Unnamed: 0,user_id,timestamp,group,landing_page,converted
1899,773192,2017-01-09 05:37:58.781806,treatment,new_page,0
2893,773192,2017-01-14 02:55:59.590927,treatment,new_page,0


d. I remove **one** of the rows with a duplicate **user_id**

In [16]:
df2 = df2.drop(2893)

In [17]:
df2.shape #to check no. of rows in df2

(290584, 5)

`4.` Calculating the summary statistics and probability

a. Probability of an individual converting regardless of the page they receive

In [18]:
df2['converted'].mean()

0.11959708724499628

b. Conditional probability that the individual converted given that an individual was in the `control` group

In [19]:
df2.query('group == "control"')['converted'].mean()

0.1203863045004612

c. Conditional probability that the individual converted given that an individual was in the `treatment` group

In [20]:
df2.query('group == "treatment"')['converted'].mean()

0.11880806551510564

d. Probability that an individual received the new page

In [21]:
df2.query('landing_page == "new_page"')['user_id'].count()/df2.shape[0]

0.50006194422266881

e. Based on your results from parts (a) through (d) above, is sufficient evidence to conclude that the new treatment page leads to more conversions?

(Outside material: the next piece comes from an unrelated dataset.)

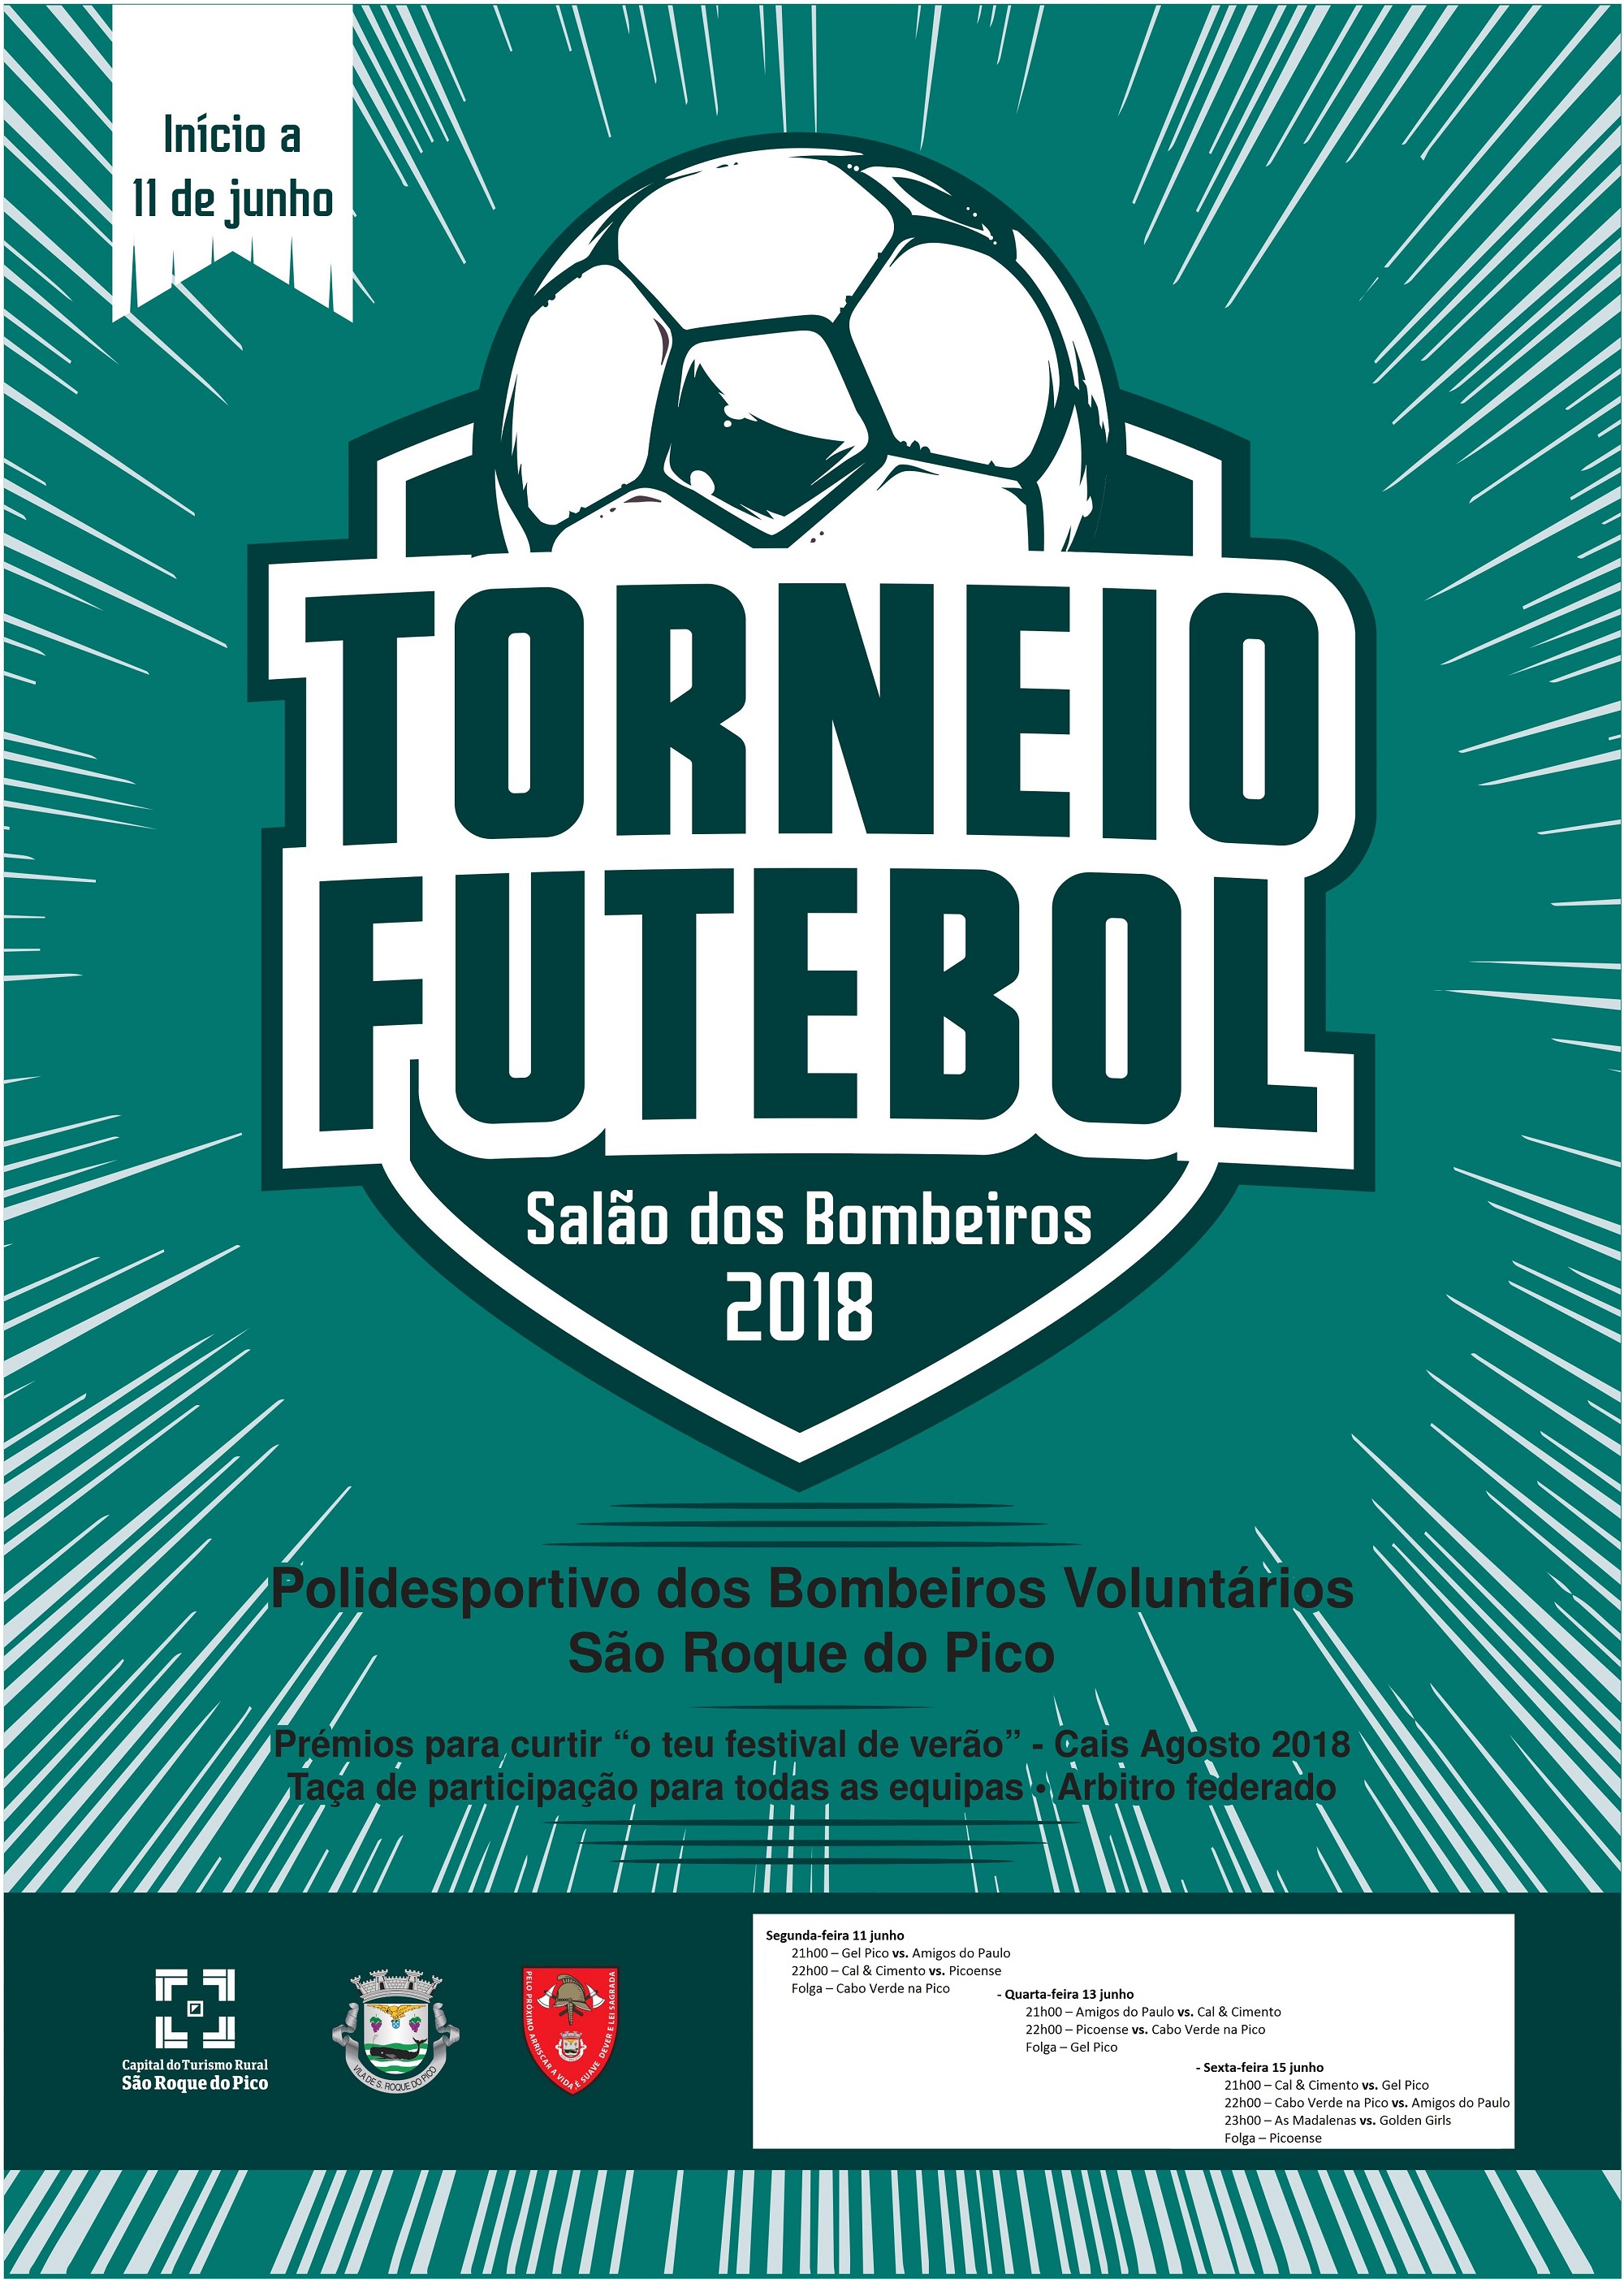 Torneio Futebol Salão dos Bombeiros inicia na próxima segunda feira dia 11 de junho
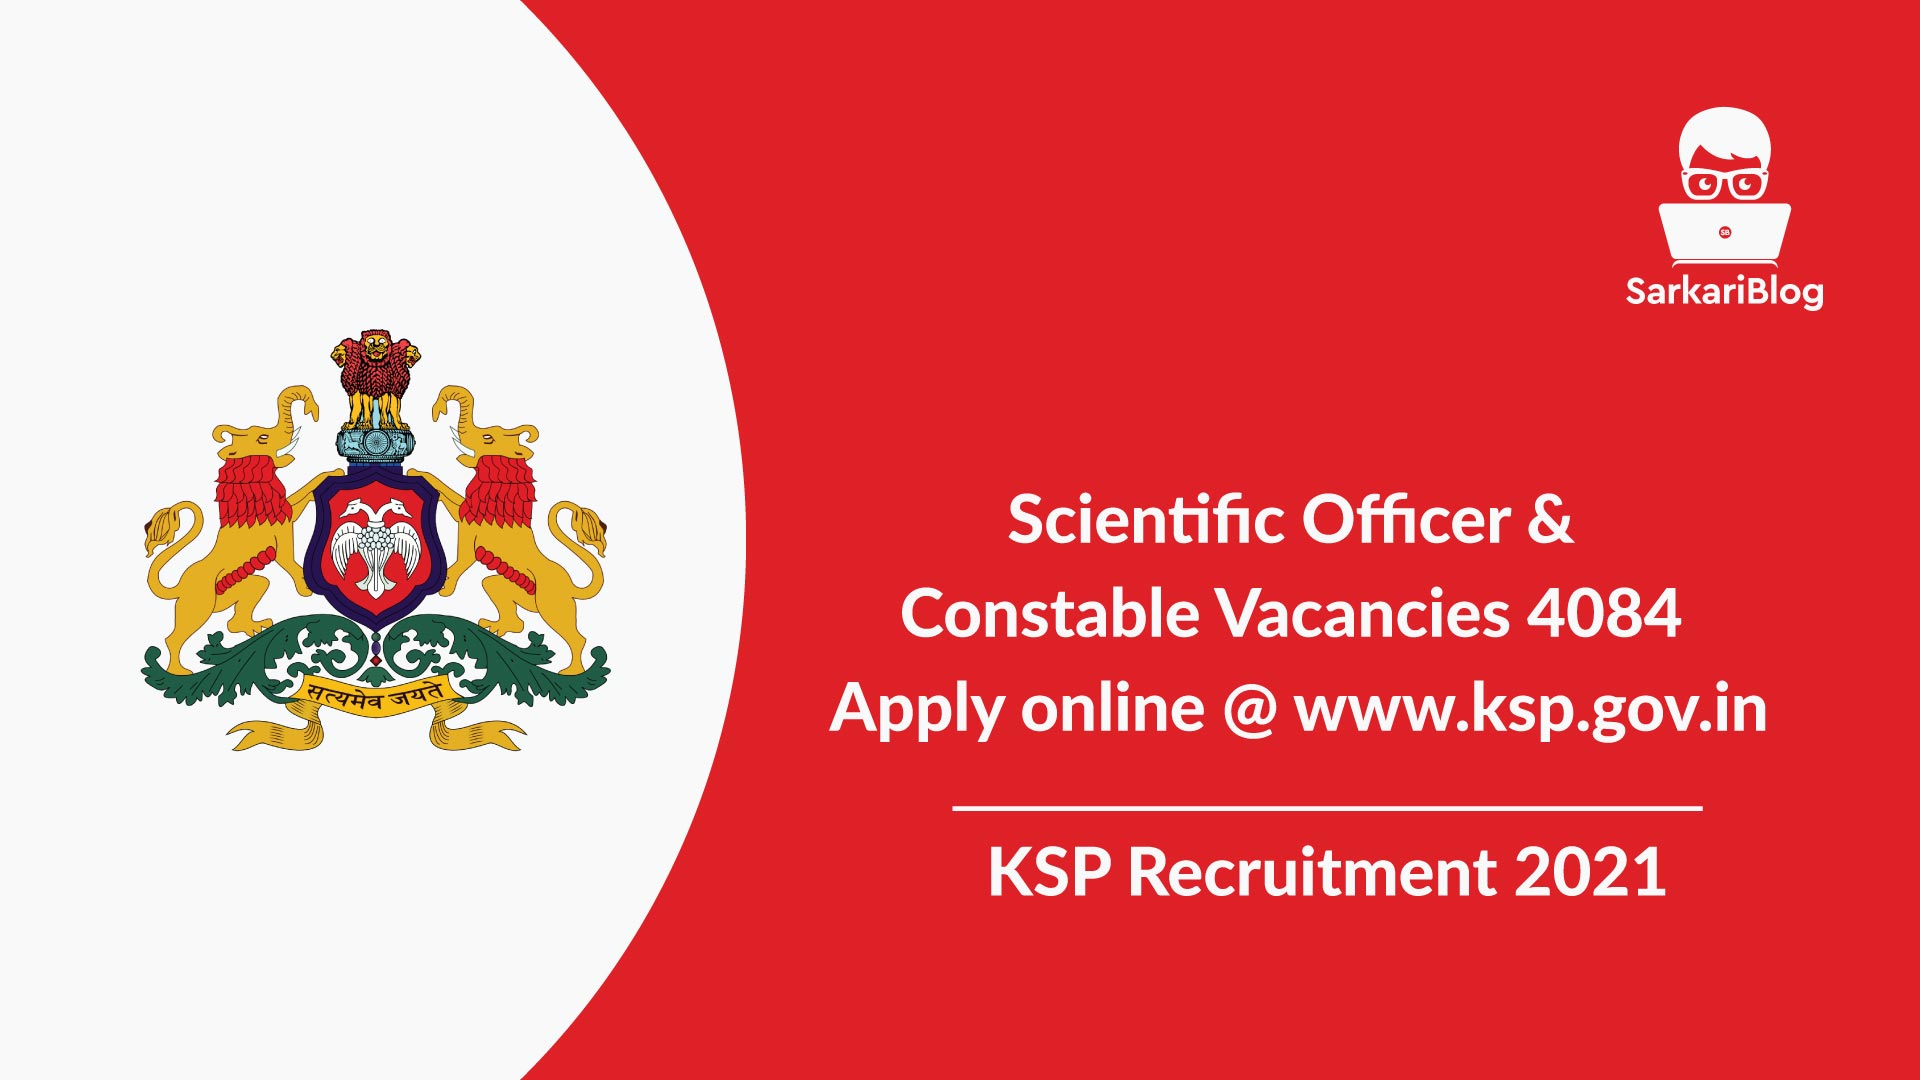 KSP Recruitment 2021, Scientific Officer and Constable Vacancies 4084 Apply online @ www.ksp.gov.in

There is **not sufficient** evidence to conclude that the new treatment page leads to more conversions.

The probability that the individual receives new page is 50%. This means there is a an equal probability whether the individual could receive an old page or new page.

The probability of an individual converting regardless of the page they receive is 11.96%. The probability of converting given the individual received the new page (treatment group) is 11.88%. This probability is marginally less than the probability of individual converting given they received the old page (control group) which is 12.04%.

Hence, it seems that the new page did not make any difference to the conversion rate of individuals.